### Data section:
· · ·

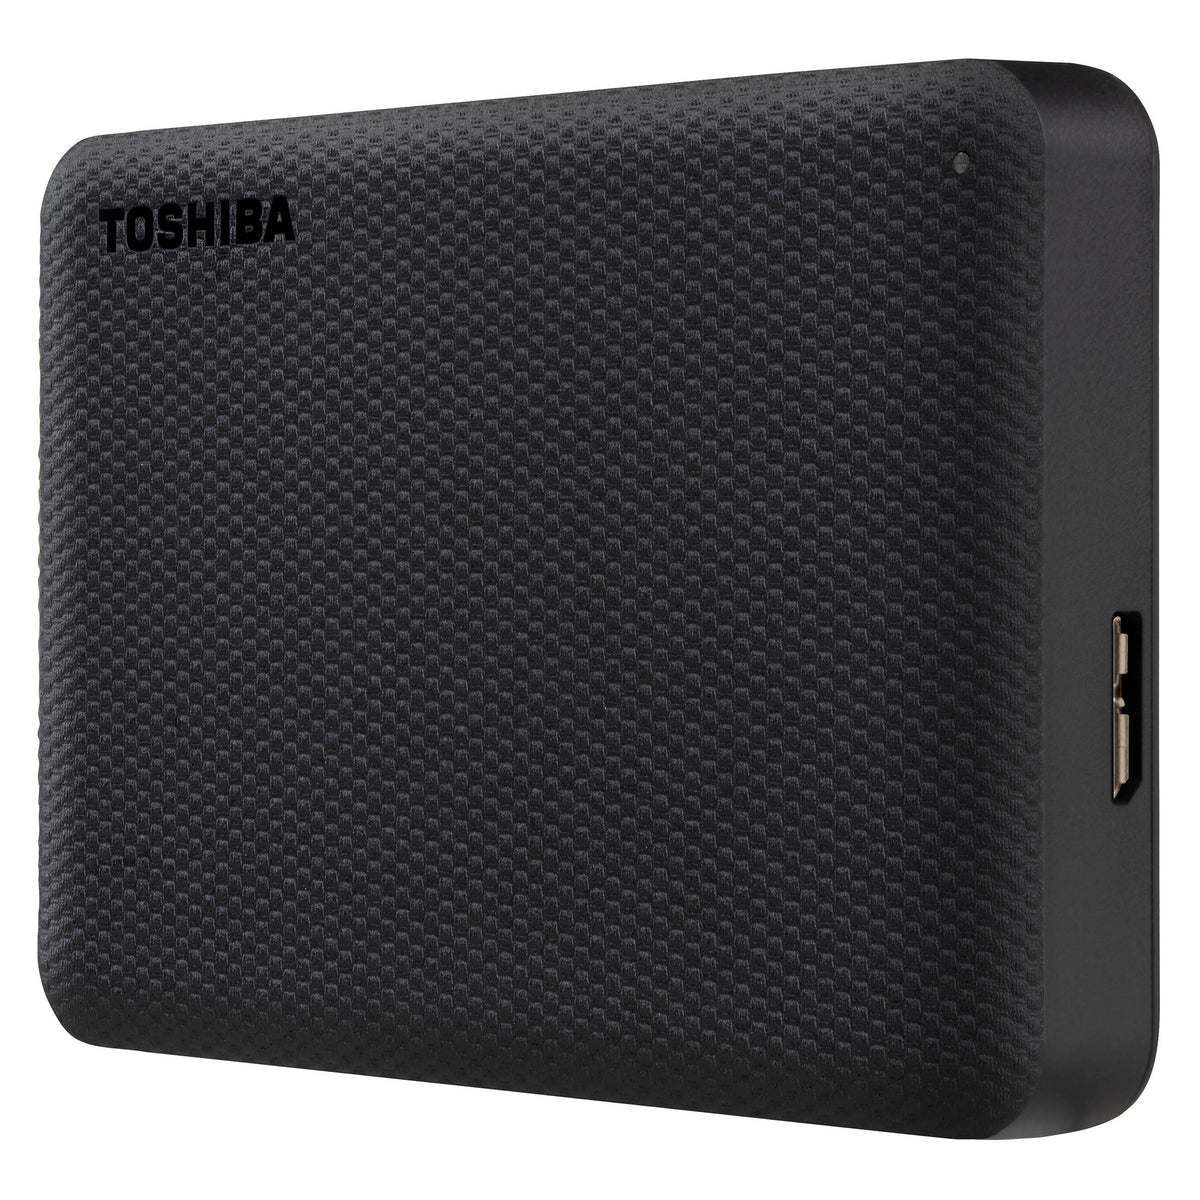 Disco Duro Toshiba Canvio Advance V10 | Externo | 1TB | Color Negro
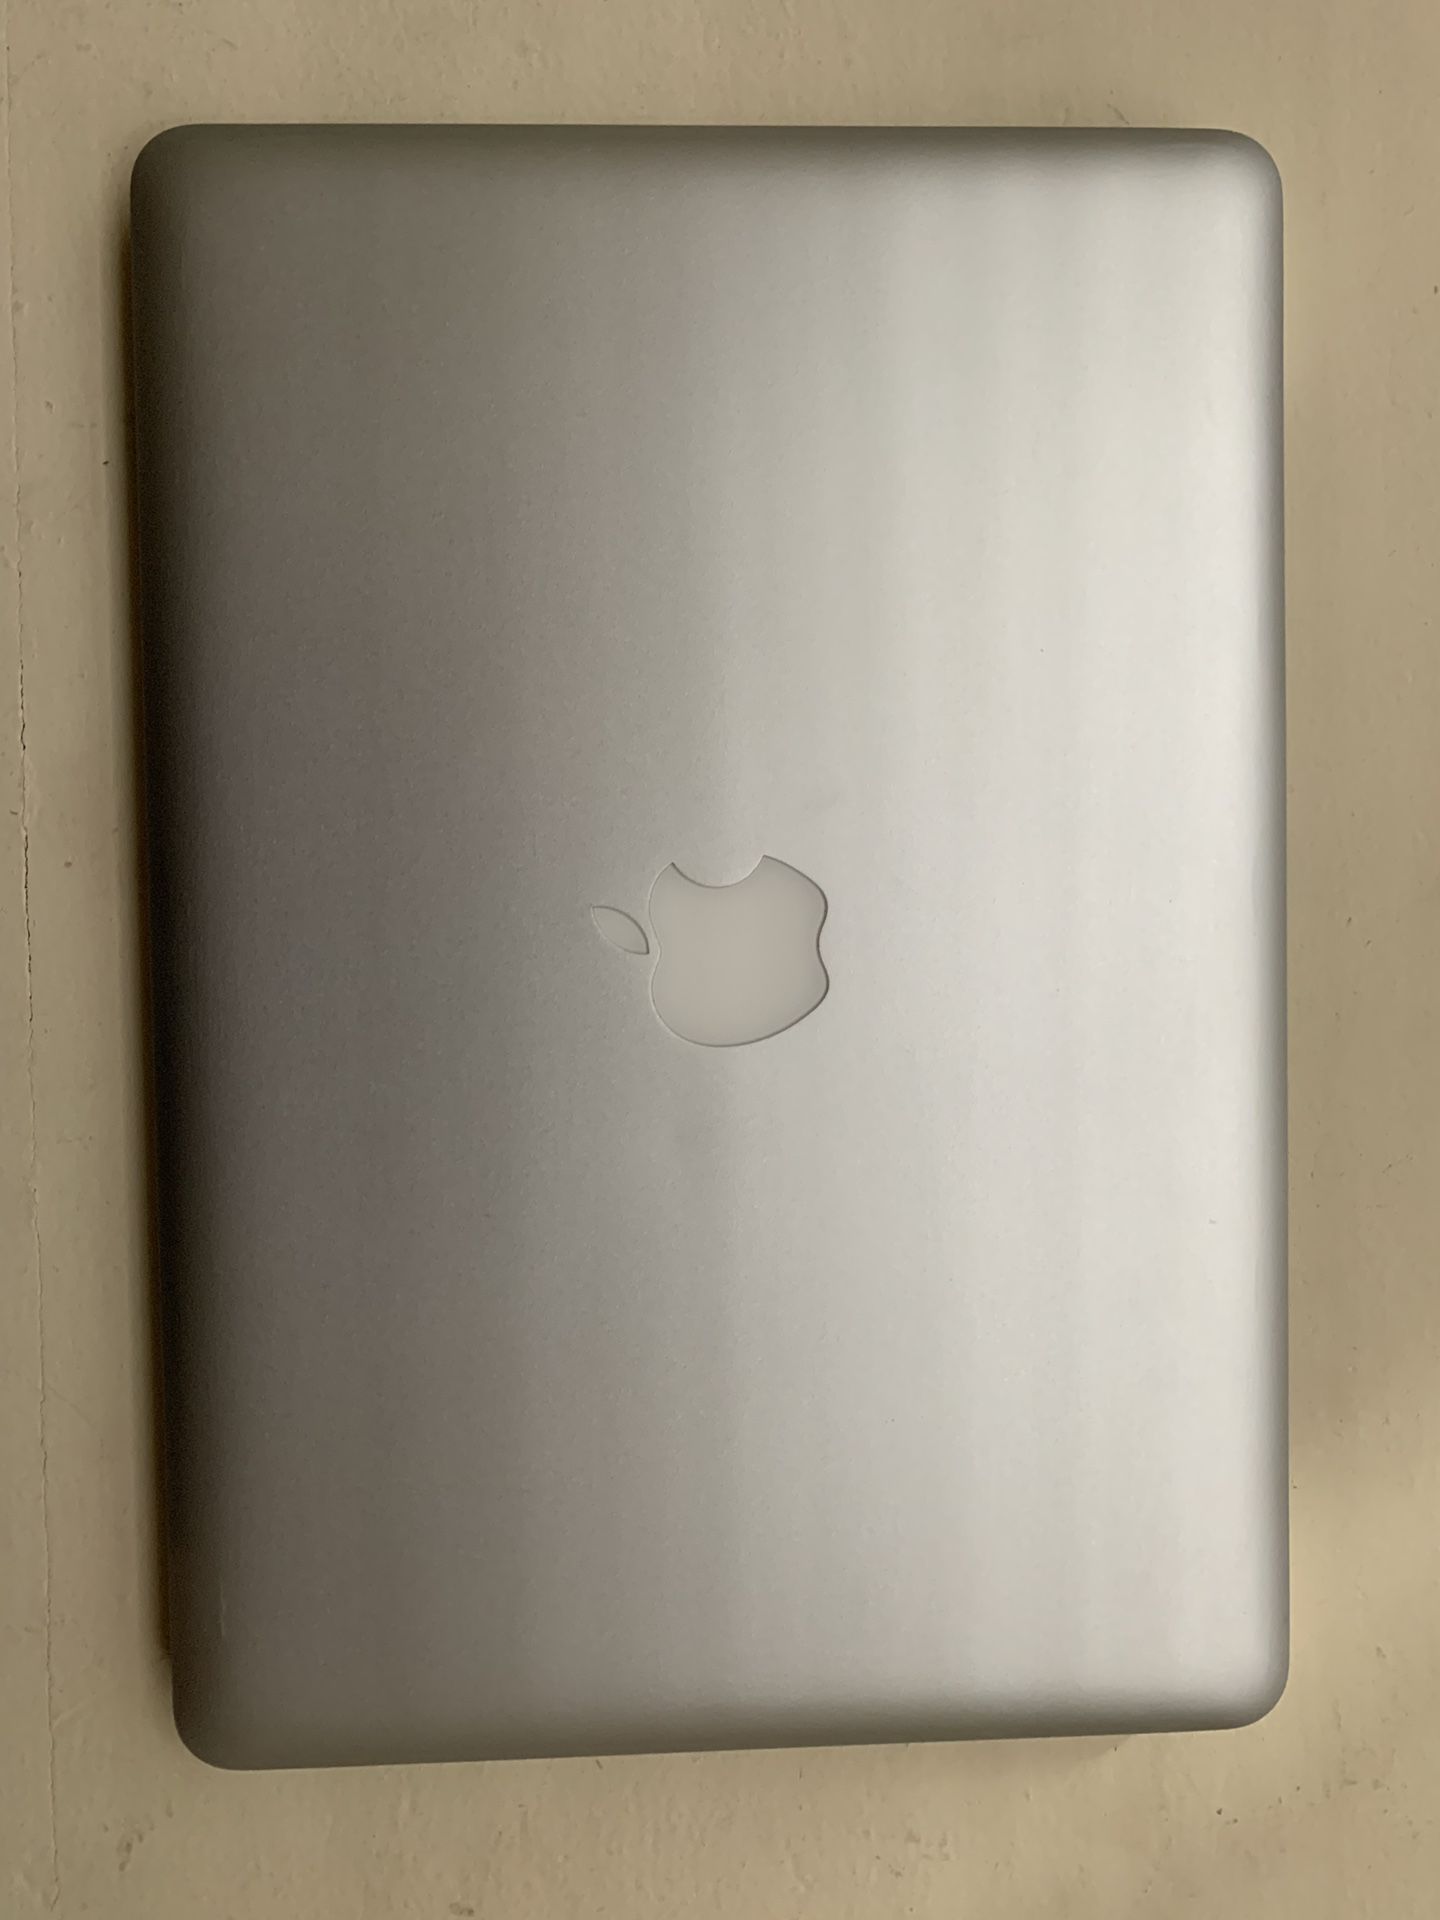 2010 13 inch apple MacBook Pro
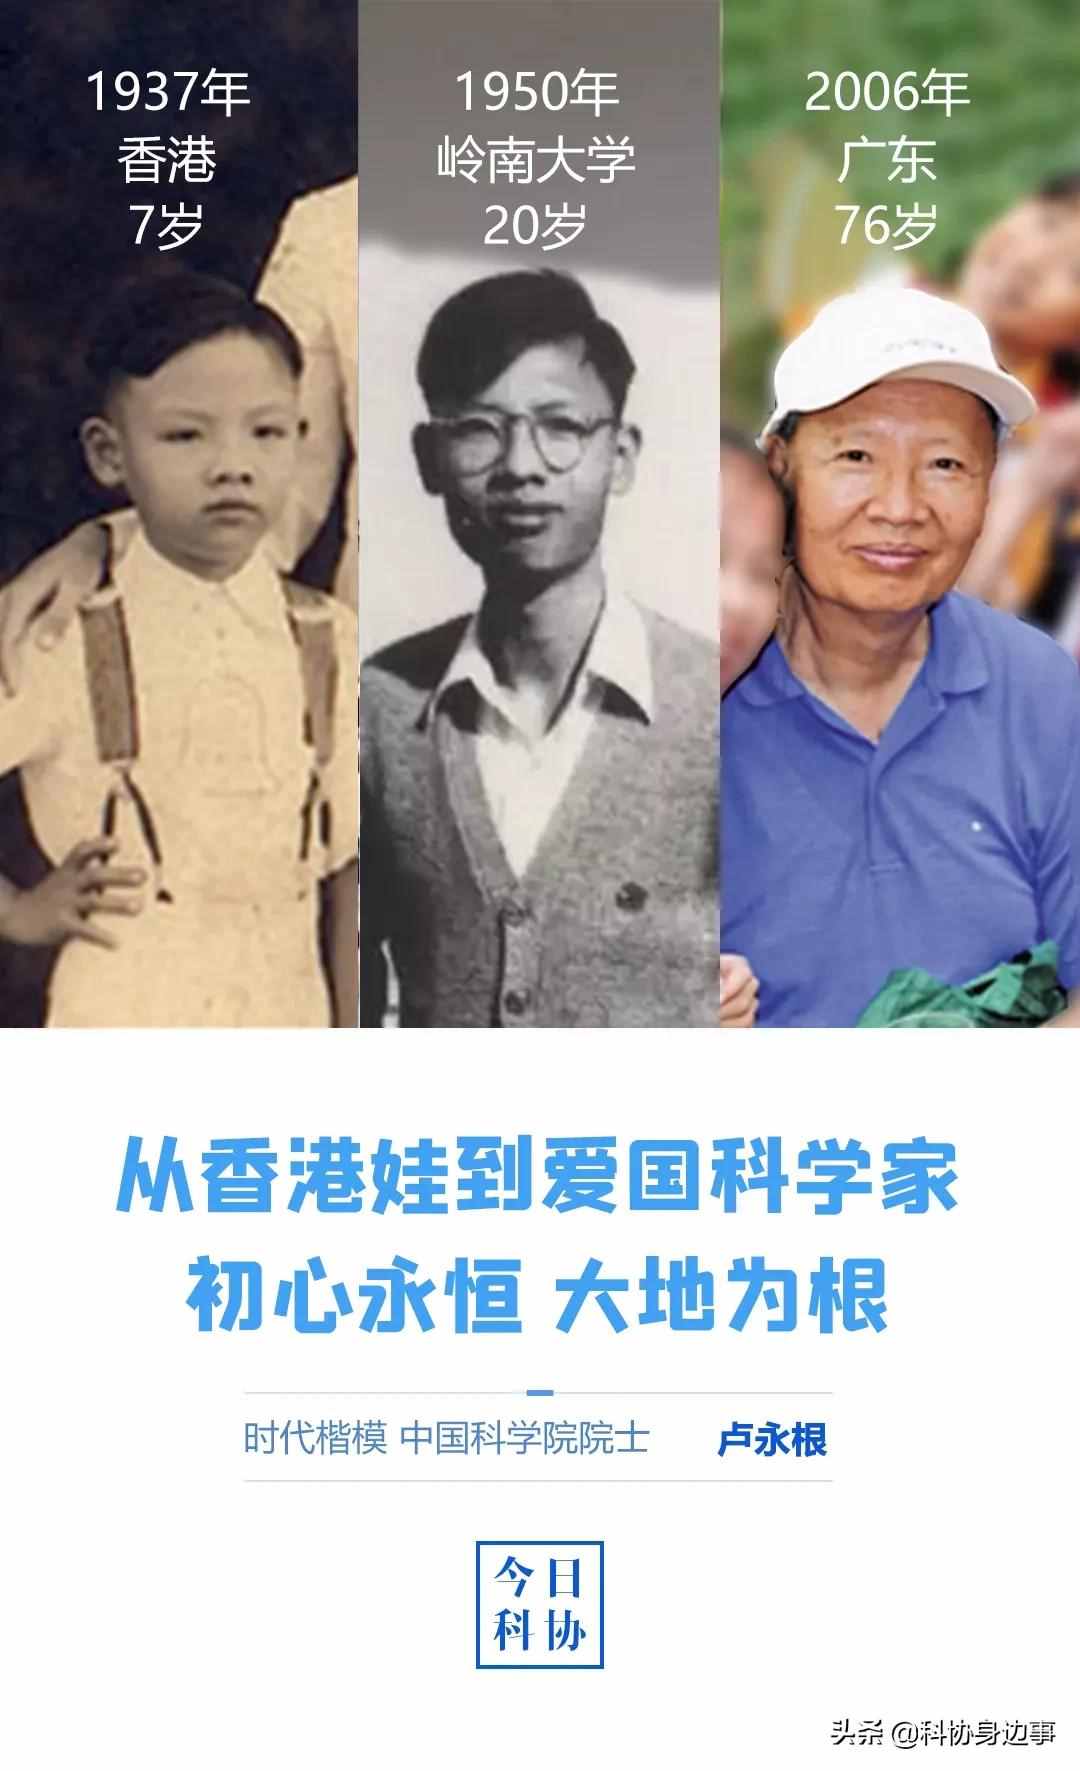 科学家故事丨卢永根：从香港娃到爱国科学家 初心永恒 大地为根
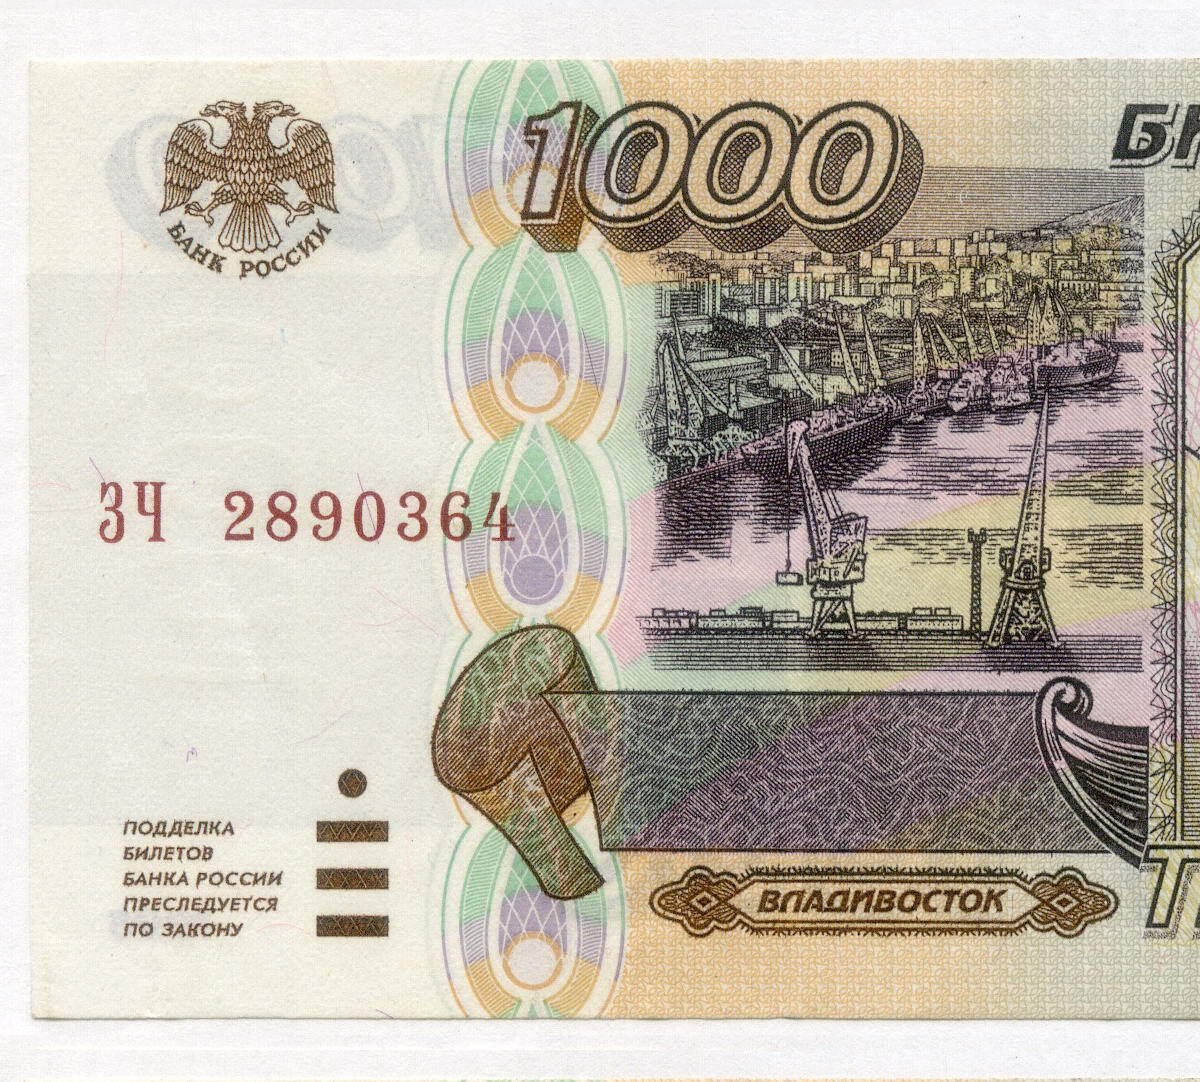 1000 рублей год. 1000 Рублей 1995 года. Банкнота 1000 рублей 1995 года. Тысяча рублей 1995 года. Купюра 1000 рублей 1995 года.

· · ·

### Work to complete:
Word for word, return the listing above; the pictures do not belong in the copy.

### Task output:
 Disco Duro Toshiba Canvio Advance V10 | Externo | 1TB | Color Negro
 2010 13 inch apple MacBook Pro
 科学家故事丨卢永根：从香港娃到爱国科学家 初心永恒 大地为根
 1000 рублей год. 1000 Рублей 1995 года. Банкнота 1000 рублей 1995 года. Тысяча рублей 1995 года. Купюра 1000 рублей 1995 года.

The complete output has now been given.